Starting at the line below that contains "Passagers à la" and ending at the line that contains "ARCHIVFOTO von 1977", retype each line exactly as it stands, but omit the pictures.

__Dataset extract__

━━━━━━

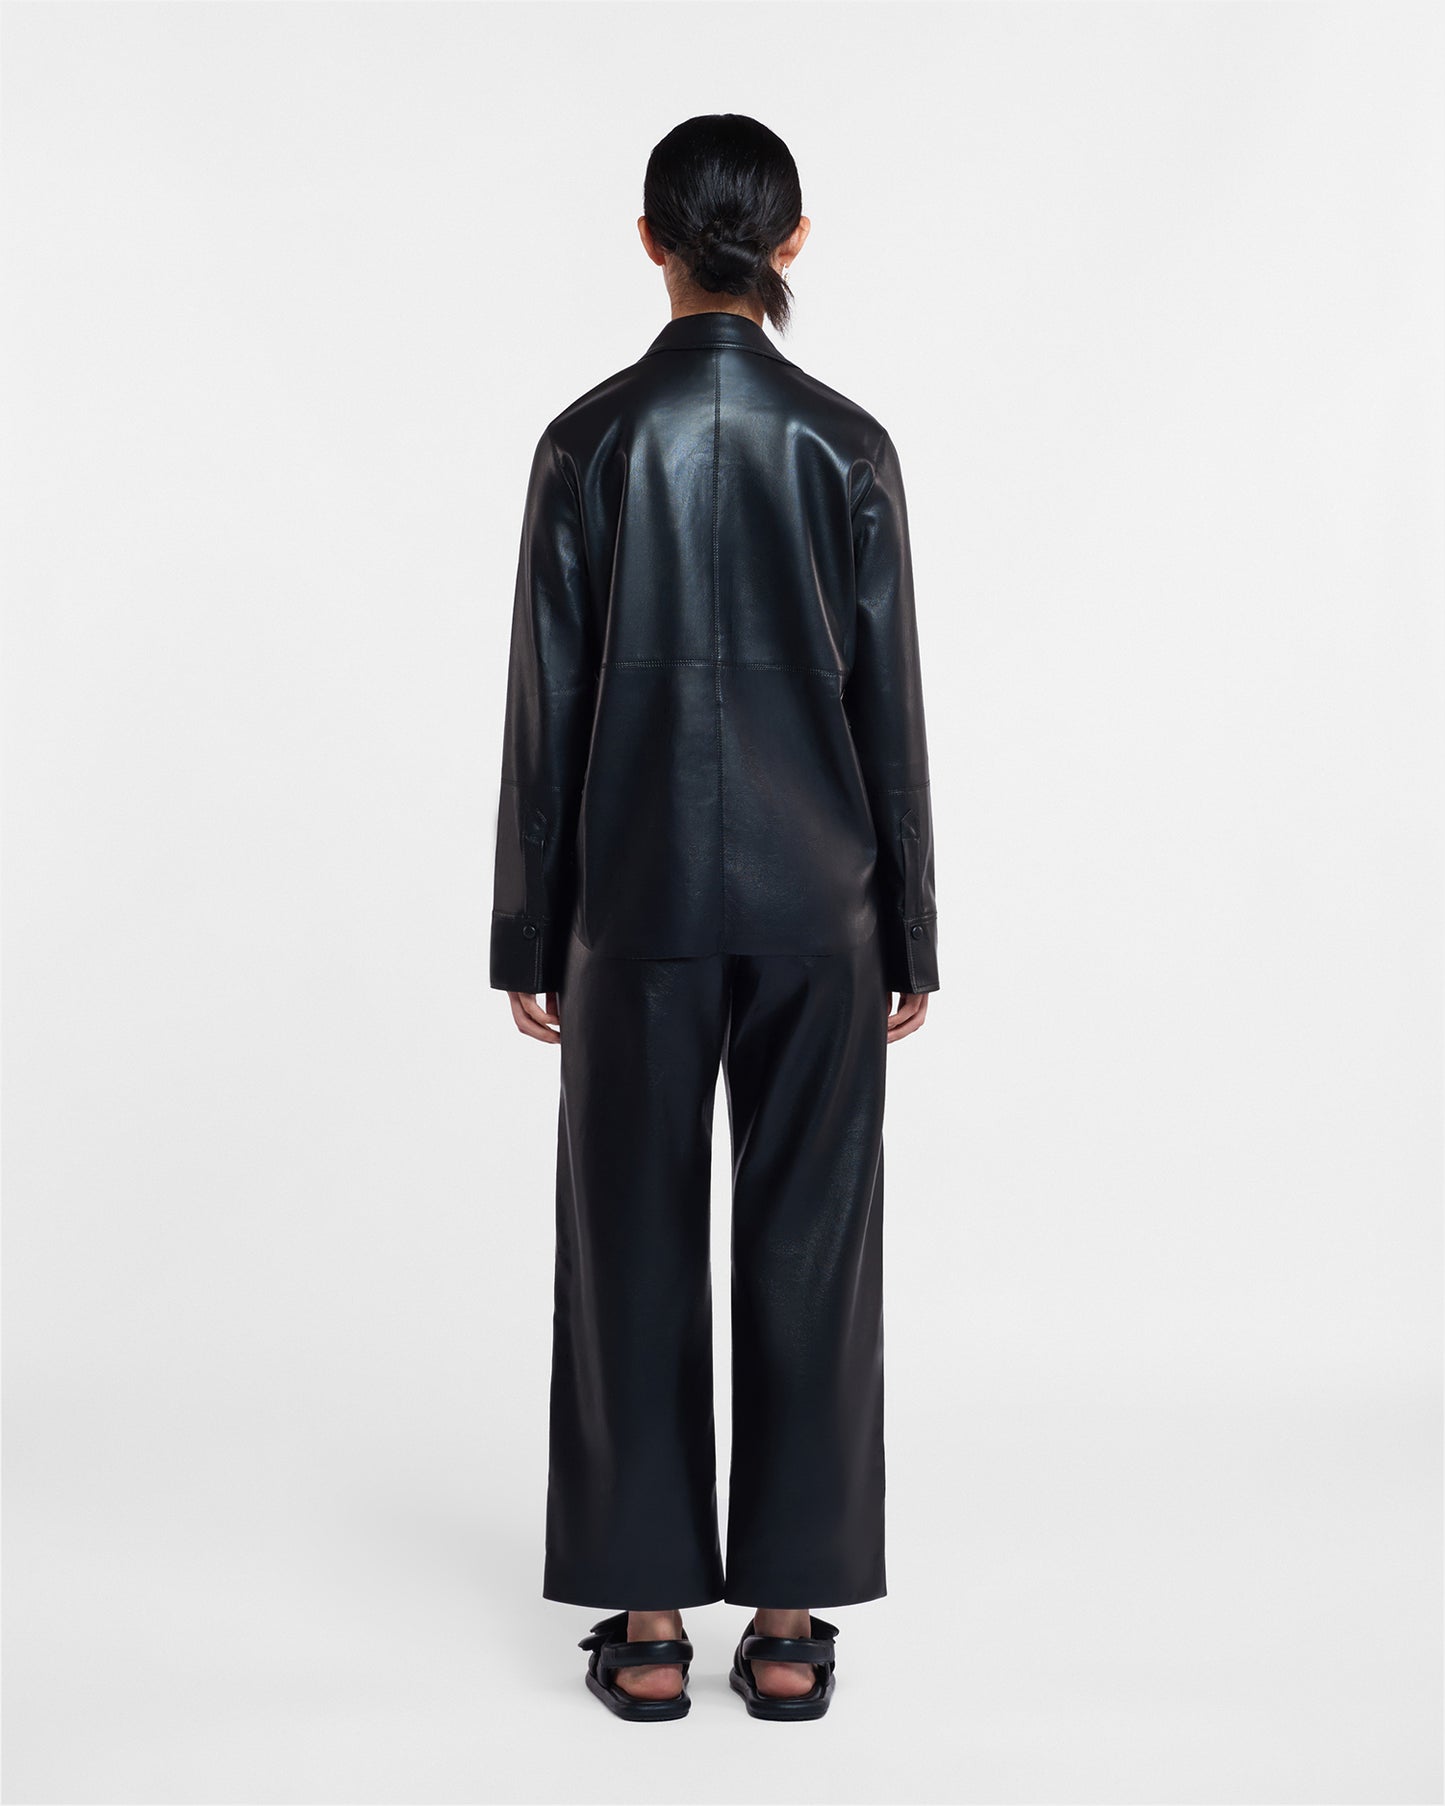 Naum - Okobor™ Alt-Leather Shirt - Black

━━━━━━

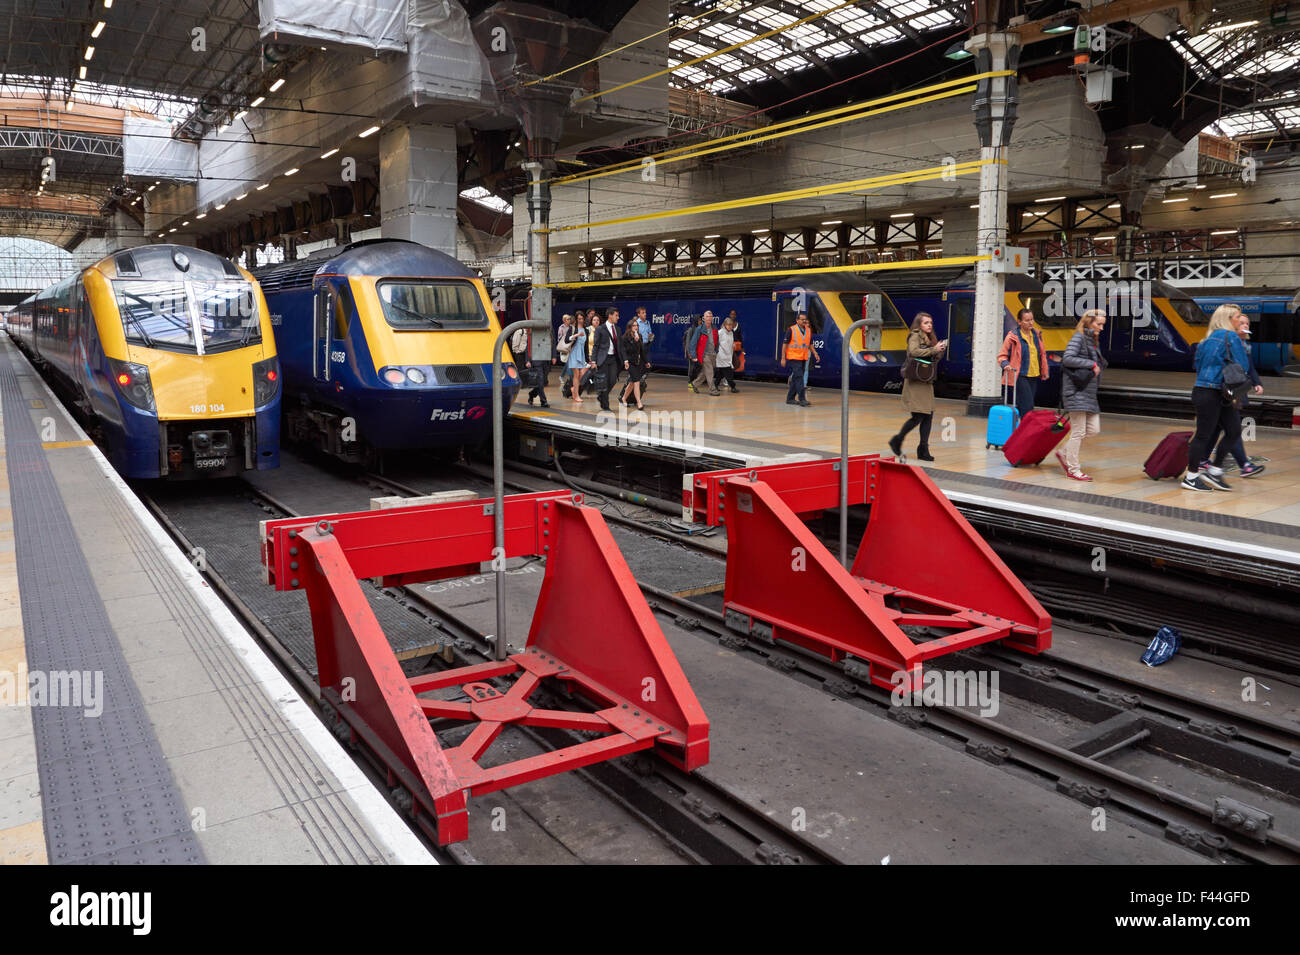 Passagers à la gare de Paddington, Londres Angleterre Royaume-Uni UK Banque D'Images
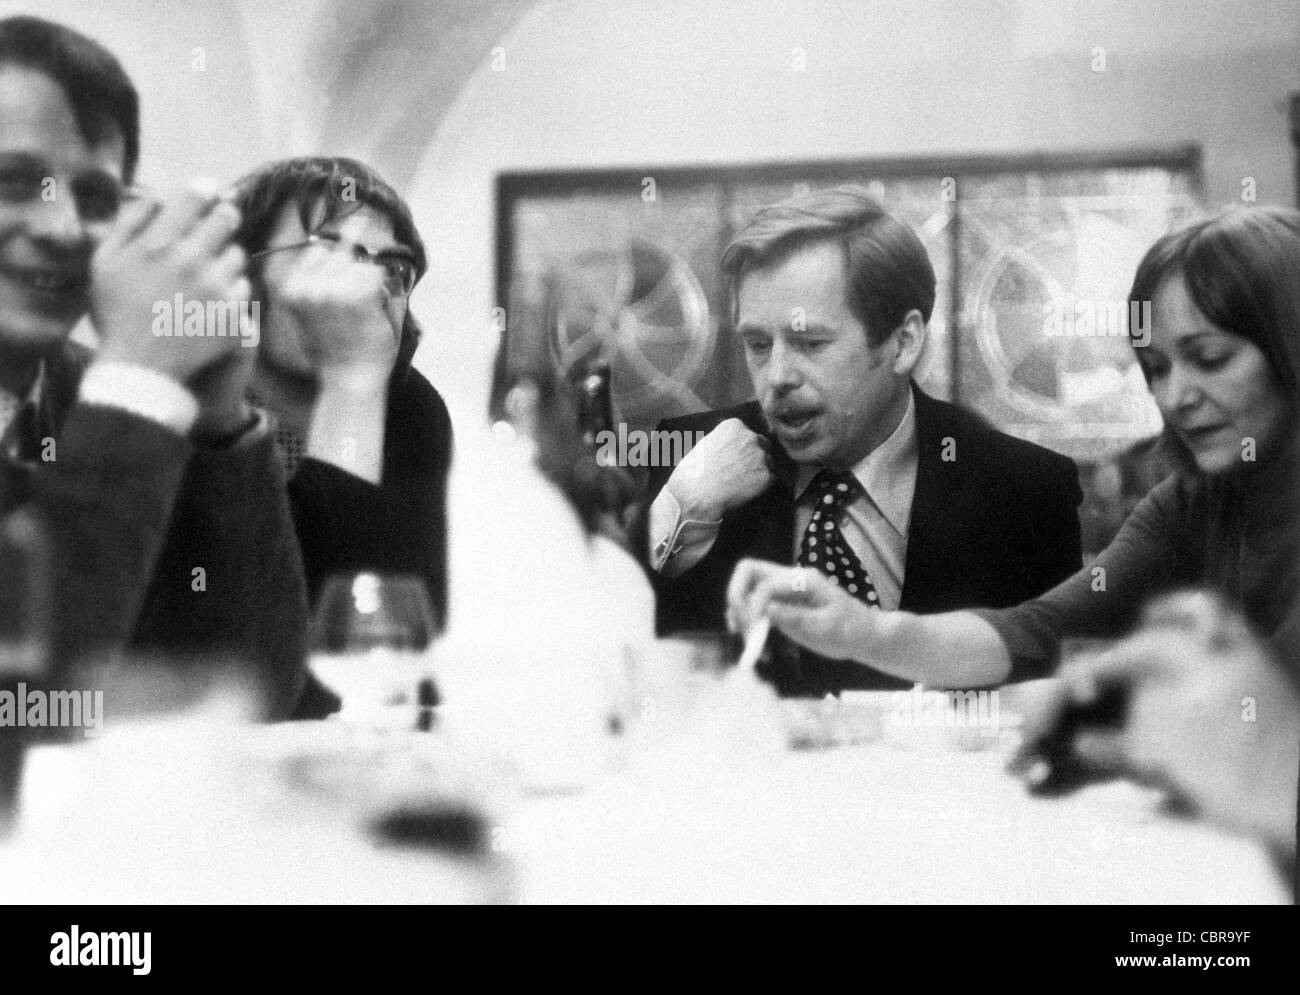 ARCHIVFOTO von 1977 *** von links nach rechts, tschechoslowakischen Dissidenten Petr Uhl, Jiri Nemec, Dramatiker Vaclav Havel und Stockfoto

━━━━━━

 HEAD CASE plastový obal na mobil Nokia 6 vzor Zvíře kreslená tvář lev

━━━━━━

__Result of this exercise__
 Passagers à la gare de Paddington, Londres Angleterre Royaume-Uni UK Banque D'Images
 ARCHIVFOTO von 1977 *** von links nach rechts, tschechoslowakischen Dissidenten Petr Uhl, Jiri Nemec, Dramatiker Vaclav Havel und Stockfoto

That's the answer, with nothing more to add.